Wednesday, June 3, 2020

Mom status

Hello world.
This is a hard post to do, I am going to be honest and put my feelings out for everyone to read. Why? Because maybe someday somewhere someone will need to hear this and maybe they will stumble on my blog and find the words they need to see.

As most of you know, or maybe you dont... I had my first baby in March. Having a child during this pandemic we are going through is stress I dont really think anyone needs. But we are handling it.

So with a mixture of new baby, crazy hormones and being on lock down I have been stuck with my thoughts for way longer than I should.

I over think anyways so now that I have all this time... its been pretty bad.

I have been struggling. I didn't feel like a Mom. Even through my pregnancy I just didnt feel any different...just fatter.

I thought, after the first sonogram I will feel more like a mom.

Nope.

Maybe the first heart beat.
Nope, not really. It felt a little more real for sure. But I still didnt feel like a mom.

After the gender reveal party?
Nope.

After the baby shower...
Nope.

After the nursery was done.
Nope.

For sure when I went to the hospital right?
Nope.

Maybe when I give birth to her?
A little bit.
But I still felt the same old me, just with a new story to tell.

Weeks turned into months and I still felt the same.

Dont get me wrong, I love this girl with all my heart and I am so happy to have her here. I just didn't feel like a mom if that makes sense. It felt more like someone gave me this wonderful gift but didn't give me a instruction book.

How was I supposed to feel? How does someone feel like a mom.

I can also tell you its not having random people call you "Mom" a new annoyance I have discovered.

I felt it yesterday. Finally.

We took our baby girl to her two month appointment and she had to get her two month shot.
People had told me all along it was terrible to see your baby get a shot. I had convinced myself I was tough that I could handle it.
And I did. I was fine. No I didnt enjoy seeing my daughter get poked with a needle multiple times but I was ok...or at least I thought I was. It wasn't until she was bleeding a little on her leg and the bandaid wasnt sticking was when I turned into a crazy mom. My brain was going so fast. It was just a few drops of blood. I had seen her get pricked before and she was on all sorts of monitors and such when she was born but something about the blood coming out of her bugs bunny band aid just didnt set well with me. I started pacing trying to fix the problem. To find a new band aid or something since the nurse left us. But had no luck. And I wanted to leave that room and find that nurse and smash her head in for hurting my baby.

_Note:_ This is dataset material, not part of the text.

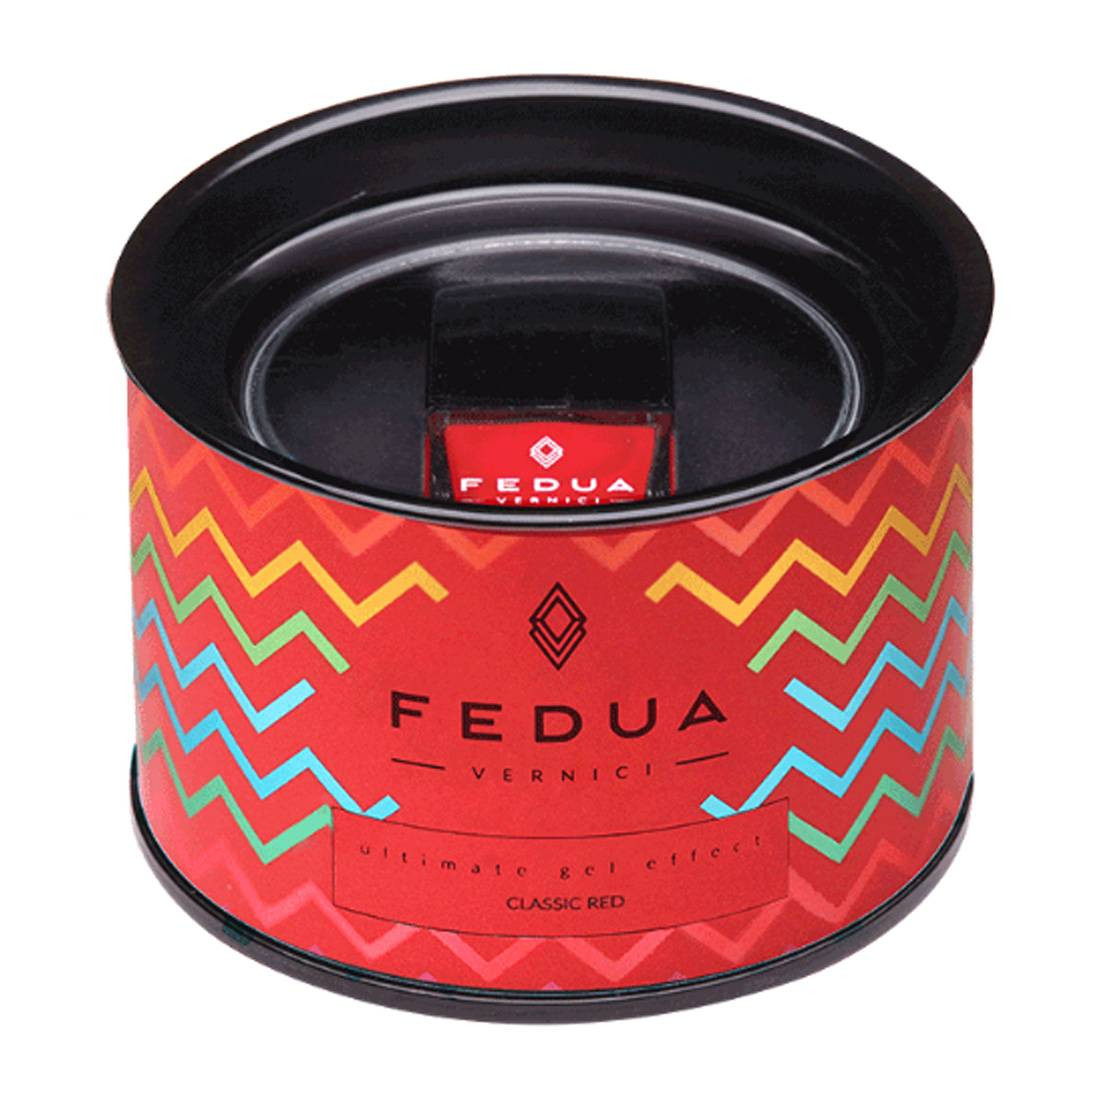 Fedua Vernici Ultimate Collection Classic Red - Лак для ногтей Классический красный

It took Chris saying to me "Why are you freaking out now?" To make me realize I was being slightly crazy. But he didn't know what my thought process was. He just thought I was annoyed that we had to wait for two hours for this shot to happen. But in reality I just hated seeing my daughter hurting.
It got worse when we got home and her leg must have been hurting her because every time she would move it she would cry.
Of course we were given no words of wisdom on how to deal with this if it were to happen so I felt that anger before.

I picked up my phone three times to call that stupid doctors office and give them a piece of my mind. But I didn't.

I just focused on Alice. Tried to make her comfortable.

Today as I contemplated this whole thought of "feeling like a mom" thing I came to some interesting conclusions.

People see things differently. So where my perfect imagine of a mother was everything I am not, it doesnt mean that I am not a mom...obviously I am a mom I have the kid to prove it.

I am still trying to make my thoughts clear....

So, in school people had an image of themselves doing something after school. Whether it was going to college to become a teacher or just working for the family business, every one had their own vision.
Now I didnt share those same images, I didnt go to college or have a family business to work for. I had different plans...but that didn't make me any less of a graduate than them. I still got my diploma and had the graduation party and everything.

Its the same thing for being a mom.

Some moms might do things differently than I do, or feel differently about things and thats ok. Thats what makes us different.

Even thought it took me two months to get to this moment of feeling like a mom but I am here and it feels great.

If any new moms feel this way and wonder when they are going to feel like a mom, trust me it will happen when you least expect it.

It might be when your baby smiles at you
or in my case when you get this sudden urge to protect them from the mean nurse.

Just dont let the bad thoughts consume you. Day by day I am feeling better and getting into my own rhythm.

Have a support group. I have reached out to so many moms of different personalities and I have to say its the best thing to have mom friends.

and they all told me the same thing, this is normal. This will pass.

I dont think I am out of the woods yet with my thoughts but its nice to get through the darkness.

I hope this helps someone, somewhere, someday.